With the increasing development and impressive performance of deep learning methods in most of the pattern recognition tasks, deep learning methods using Convolutional Neural Network (CNN), Recurrent Neural Network (RNN) and Graph Convolutional Network (GCN) with skeleton data also come into view. Some studies utilized the end-to-end learning based on RNN with Long-Short Term Memory (LSTM) to learn the temporal dynamics[lee2017ensemble, si2019attention, han2020global, zhu2020exploring, ng2021multi, liu2017skeleton, song2017end]. Even if these methods present comparative results in skeleton-based action recognition due to their capability of modeling temporal sequence, they ignored the strong dependencies among the skeleton joints in the spatial domain. Recent studies have shown the superiority of CNN over RNN for this task [ke2017new, li2017skeleton, le2018fine, caetano2019skelemotion, caetano2019skeleton, kim2017interpretable, liu2017enhanced]. Most of the CNN-based methods encoded the trajectories of skeleton joints into image space. They benefited from CNN’s admirable ability to extract high-level spatial-temporal features of skeleton images. However, during convolutional operation, only the neighboring joints within the convolutional kernel will be considered. In other words, some latent correlation that is related to all joints may be neglected. Inspired by the fact that human 3D-skeleton is naturally a topological graph, the GCN has been adopted in the action recognition task recently for the reason that its effectiveness of representing the graph structure data [li2018action, gao2019optimized, yoon2021predictively, li1802spatio, qin2020skeleton]. Most recent GCN-based methods assume that the thorough skeleton joints are available while not considering the incomplete case, which is common in real scenarios.
Unsupervised domain adaptation (UDA) aims to transfer a model learned on a labeled source domain to an unlabeled target domain. Recently, deep UDA has aroused great attention in image classification [ganin2016domain, ghifary2014domain, long2015learning, long2017deep, sun2016deep, tzeng2017adversarial] and semantic segmentation [huang2018domain, zhang2017curriculum, zou2018unsupervised, pan2020unsupervised]. There are several strategies proposed to gain better UDA performance. Some studies utilize maximum mean discrepancy (MMD) [gretton2012kernel] to minimize differences between feature distributions [ghifary2014domain, yan2017mind, haeusser2017associative]
, its effect is limited by whether the distributions follow Gaussian distribution. Another strategy is self-training, which utilizes predictions from an ensemble model as pseudo-labels for unlabeled data to train the current model[li2018disaster, zou2018unsupervised, spadotto2021unsupervised]. There is increasing interest in the use of adversarial training to achieve UDA [vu2019advent, tzeng2017adversarial, pan2020unsupervised, jiang2021regressive, akkaya2021self]. This approach reduces the shift by forcing the features from different domains to fool the discriminator, thus leading to features from different domains exhibiting a similar distribution. For the task of action recognition, a universal and reliable system needs to be robust to different viewpoints while observing an action sequence. Therefore, several works have been proposed to utilized UDA to exploit disentangled universal representations from data of different views [chen2019temporal, jamal2018deep, liu2017enhanced, li2018unsupervised, sigurdsson2018actor]. However, very few studies have attempted deep UDA for skeleton data, so this is still an open, challenging problem.
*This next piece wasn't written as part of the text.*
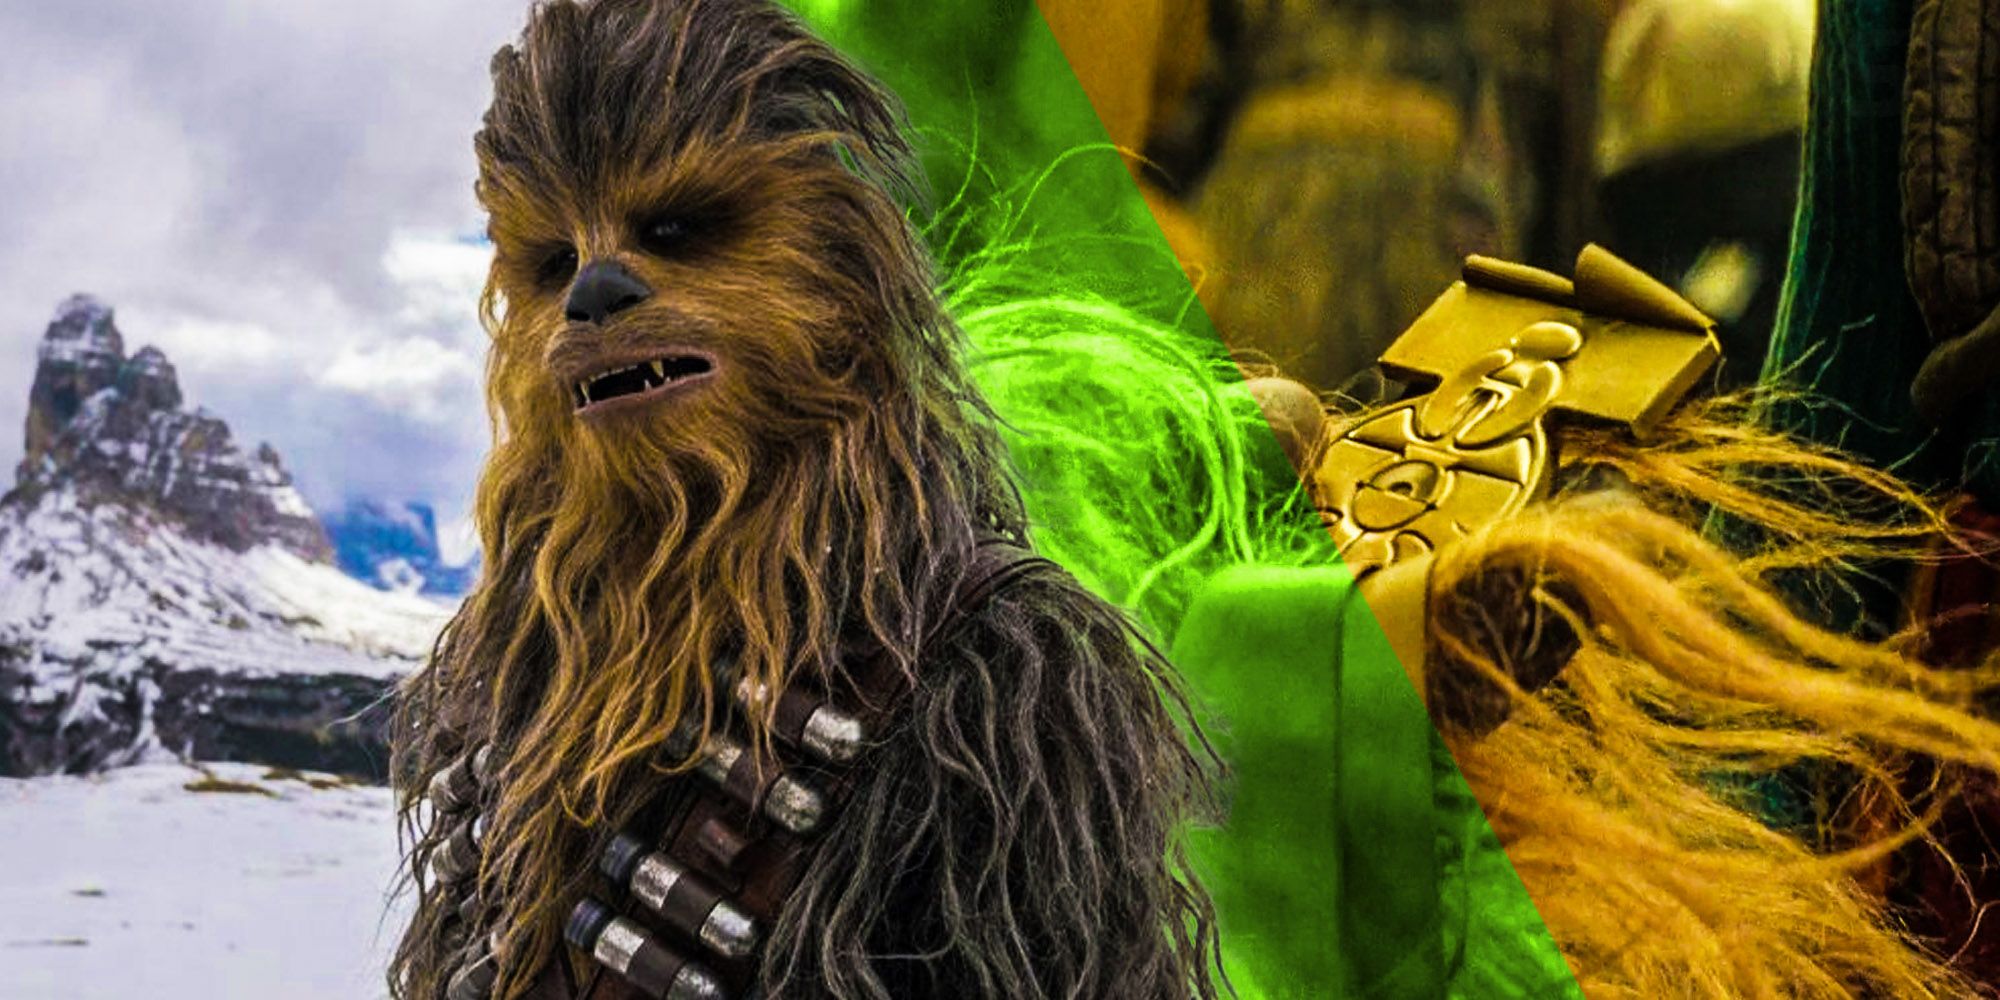 Chewbacca medal star wars rise of skywalker fan service

Motivated by the success of the adversarial-training based UDA technique in image classification, we believe that CNN-based human action recognition from 3D skeleton data can benefit from this strategy. In this work, we propose a novel scheme to improve the CNN-based action recognition network, which utilizes adversarial training to drive the learned features of the intermediate network to be view-invariant or subject-invariant. We first encode the 3D skeleton sequence into a skeleton image, which served CNN for classification. For the labeled source skeleton images, the CNN network will take them as input and be trained in a supervised manner to have the classification ability. We assume that features of skeleton images from different views or subjects have a latent correlation. We propose utilizing the class-level and domain-level adversarial losses to enhance the invariant feature learning of skeleton images from different views or subjects.
2 Proposed Method
This section presents our proposed method for action recognition with domain invariant features of skeleton images. In Figure 1, we present an overview of our proposed method. It consists of three phases: skeleton image representation, two domain task classifiers and high-level feature learning with a two-level domain adversarial strategy. Here, we define the two domains as source and target. The source means the labeled skeleton data of one view angle (or subject), the target represents the unlabeled skeleton data of another view angle (or subject). The aim is to utilize the unlabeled data to learn the domain invariant features of skeleton data, thus further improving the network’s generalization ability to other views or subjects.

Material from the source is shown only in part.